= Mary K. Trigg =

Mary K. Trigg (born 1955) is an American educator, author, and academic. She serves as an associate professor in the department of women's and gender studies at Rutgers University.

== Biography ==
Trained in women’s history and American studies, her scholarship focuses on the history of feminism in the United States; motherhood studies and women, work, and family; and women’s/feminist leadership. Trigg is also Director of Leadership Programs and Research at the Institute for Women's Leadership, and the founding director of the Leadership Scholars Certificate Program which she has led since 1998. In her time at Rutgers she has also served as associate director of the Center for Women and Work.
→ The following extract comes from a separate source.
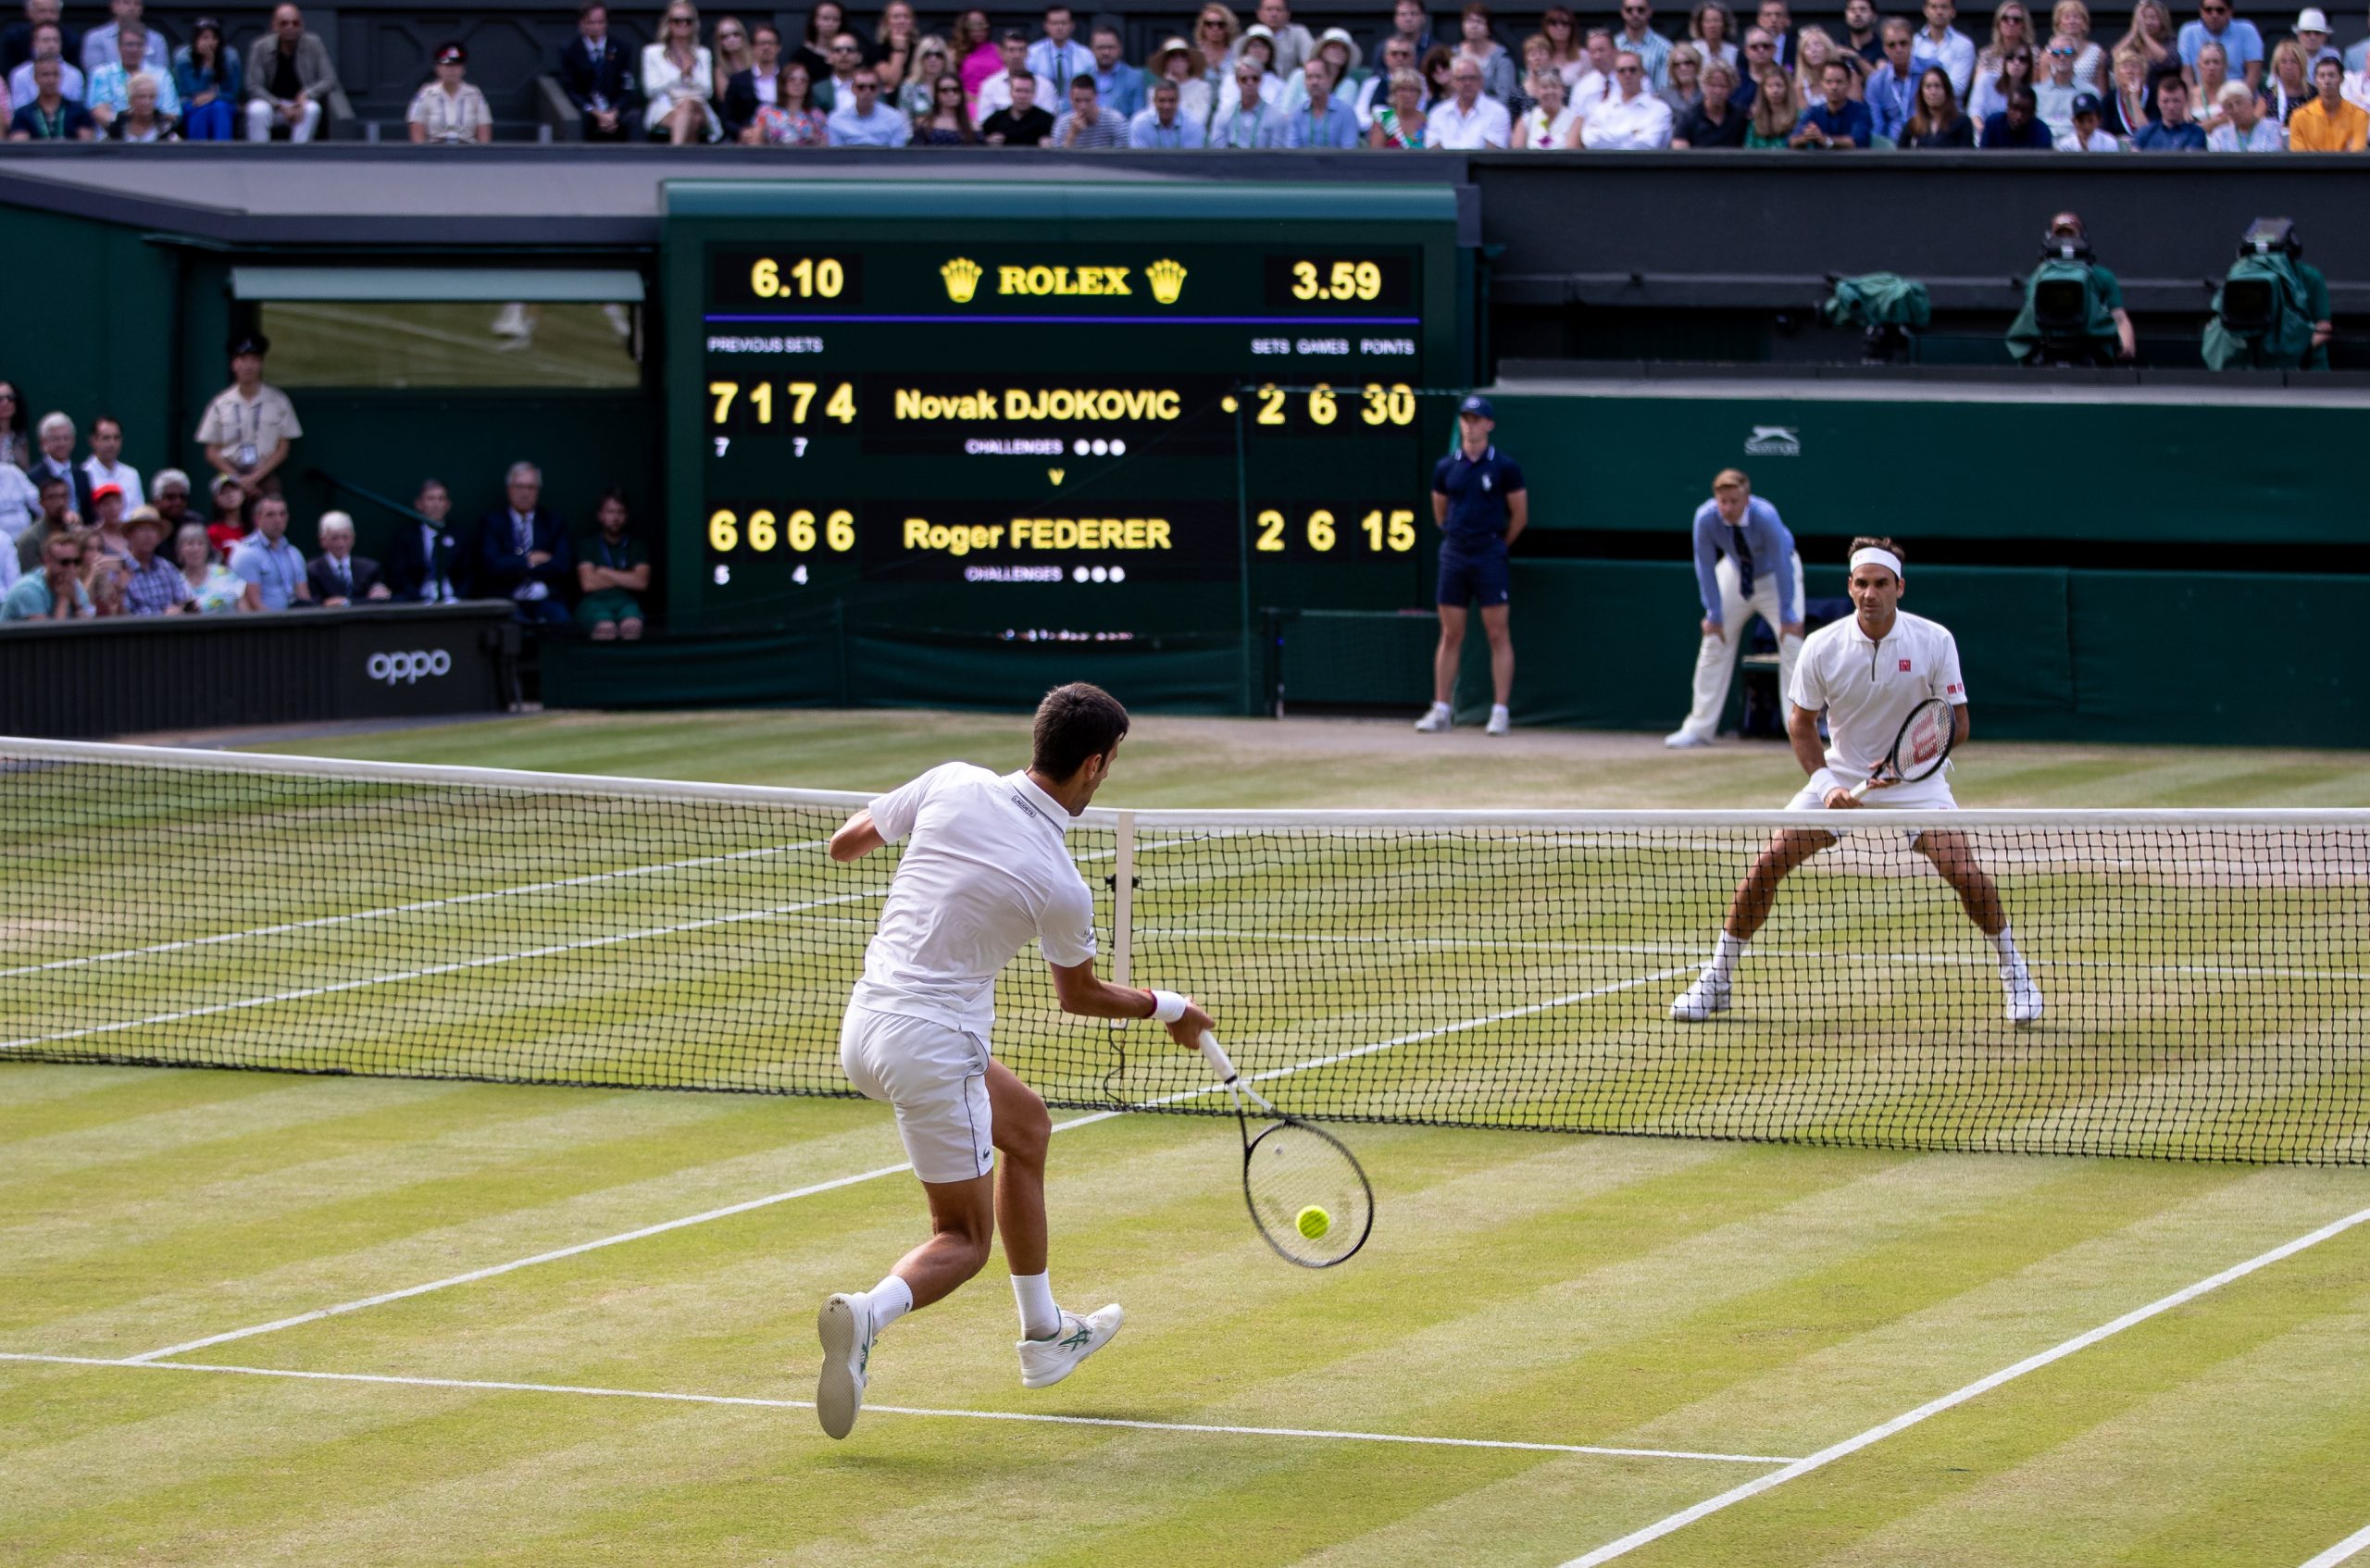 Novak Djokovic plays Roger Federer in file photo; Credit: Wimbledon Twitter page
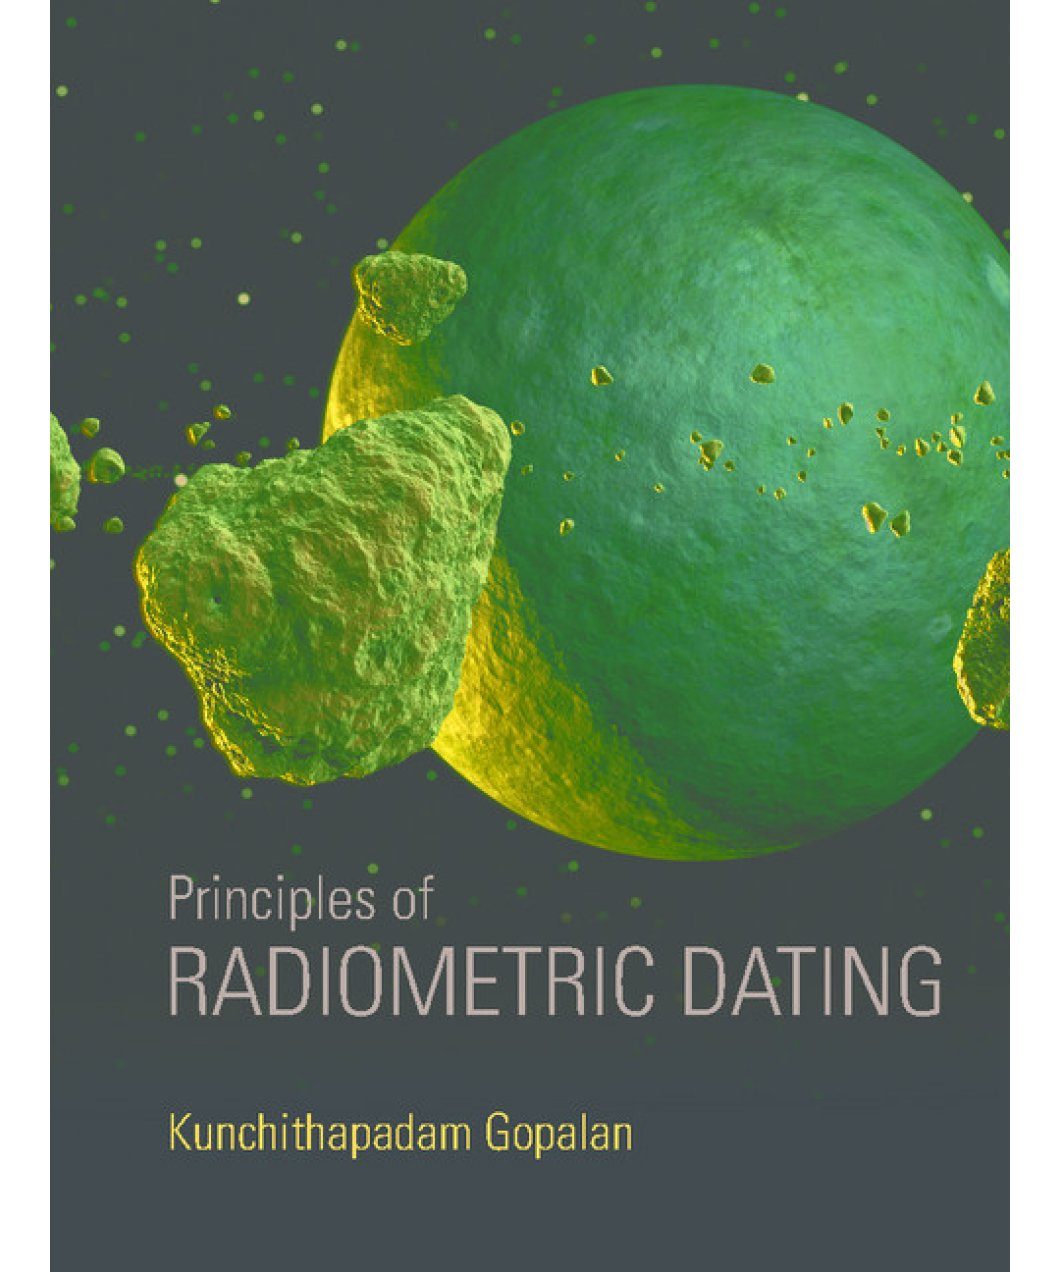 Radiometric dating of moon rocks

Trigg’s current book project, Of Mothers and Time: Maternalism, Temporality, and Representations of Mothers in the United States, 1920-1960, investigates the experiences and representations of rural mothers, immigrant mothers, and African-American mothers in the U.S. In this book Trigg turns to visual and material culture (photographs, novels, popular literature) to examine motherhood in relation to varying practices concerning keeping, marking, transcending, and memorializing time.

=== Research ===
Trigg's research interests include family and work, the history of American feminism, women's education and leadership development, and women's community organizations.

=== Writing ===
Trigg is the author of Feminism as Life’s Work: Four Modern American Women through Two World Wars (Rutgers University Press, 2014), Leading the Way: Young Women’s Activism for Social Change (Rutgers University Press, 2010, edited anthology), and the forthcoming Junctures in Women's Leadership: Social Movements (Rutgers University Press, edited with Alison R. Bernstein).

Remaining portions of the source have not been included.